The Ottawa County Republican Party was quick to censure Bonnema when news of his complaint became public. In a Jun. 20 resolution, the OCRP described his complaint as “defamatory” and “frivolous.” They accused Bonnema of “eroding the public trust in the Republican-led Board of Commissioners and the Republican Party,” through his “frequent negative statements about fellow Republicans to local and national media.” He was banned from voting in the next six OCRP committee meetings.
Ottawa Impact’s aversion to transparency is also costing the board a lot of money. In July, the finance committee revealed it was paying Kallman Legal Group $11,600 a month. They voted to reallocate $110,000 from the general fund to the corporate council budget to continue paying the firm, Fox 17 reported.

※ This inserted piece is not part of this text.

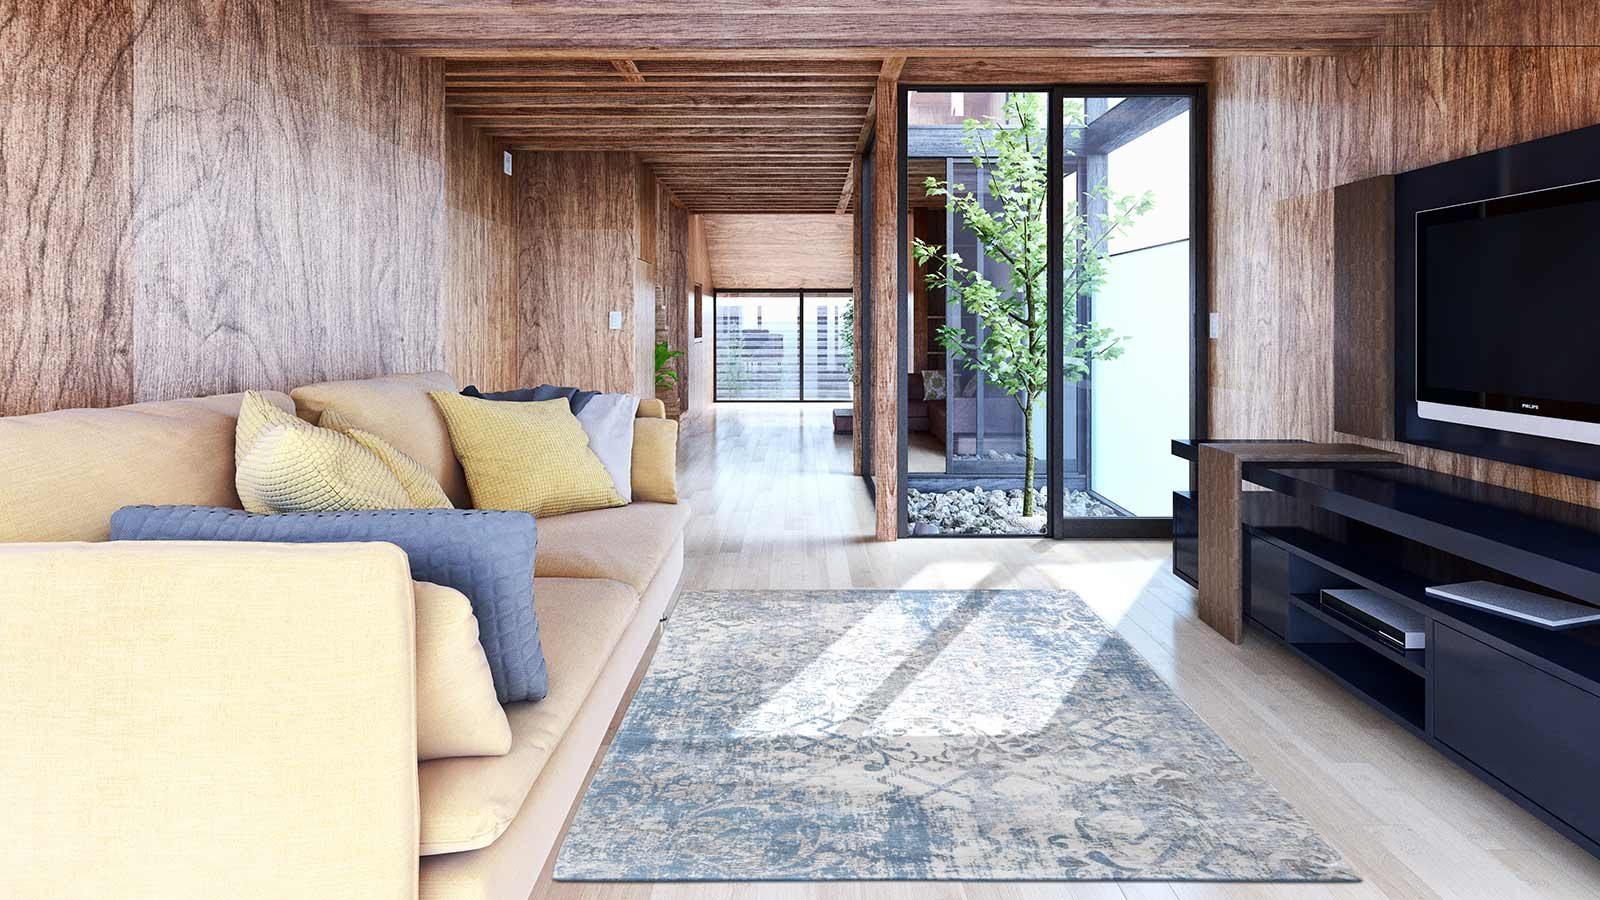 rugs Louis De Poortere LX8545 Fading World Babylon Alhambra interior

These high expenses come as the board will vote on cutting the health department’s budget—an irony not lost on some local residents.
Melanie Scholten, a local resident who opposes the cuts, told The Daily Beast, “I see people tossing lots of percentages and numbers around but what gets me... is that there is no financial crisis that warrants cuts.”
Scholten gave public comment at a board meeting on Sept. 19, where she voiced her frustrations.
“We are tired of the smoke and mirrors. We are tired of the dangerous rhetoric meant to divide us and make us enemies,” she told the Ottawa Impact commissioners. “Everything you say is now tainted with a high degree of suspicion. It's not a good feeling.”
Local organizers are planning to rally in support of the health department on Tuesday, Kim Nagy, a founder member of the Ottawa Integrity PAC, told The Daily Beast. That PAC was founded to resist the efforts of Ottawa Impact, and mobilize to run candidates against them at the next election. Nagy says one unintended consequence of Ottawa Impact’s actions has been to mobilize an active opposition where once there was none, something she believes has lessons for other communities in the country.
“Ottawa County is an absolute microcosm of the country. Ottawa Impact has brought all of the national level culture wars,” Nagy says. “We’re gobsmacked. I think you have this wide swathe of the country that is just going, ‘What’s happening?’ And it takes a while to understand that you have to stand up. You can’t say, ‘I hate politics.’ It’s too important right now. We are literally talking about our democracy.”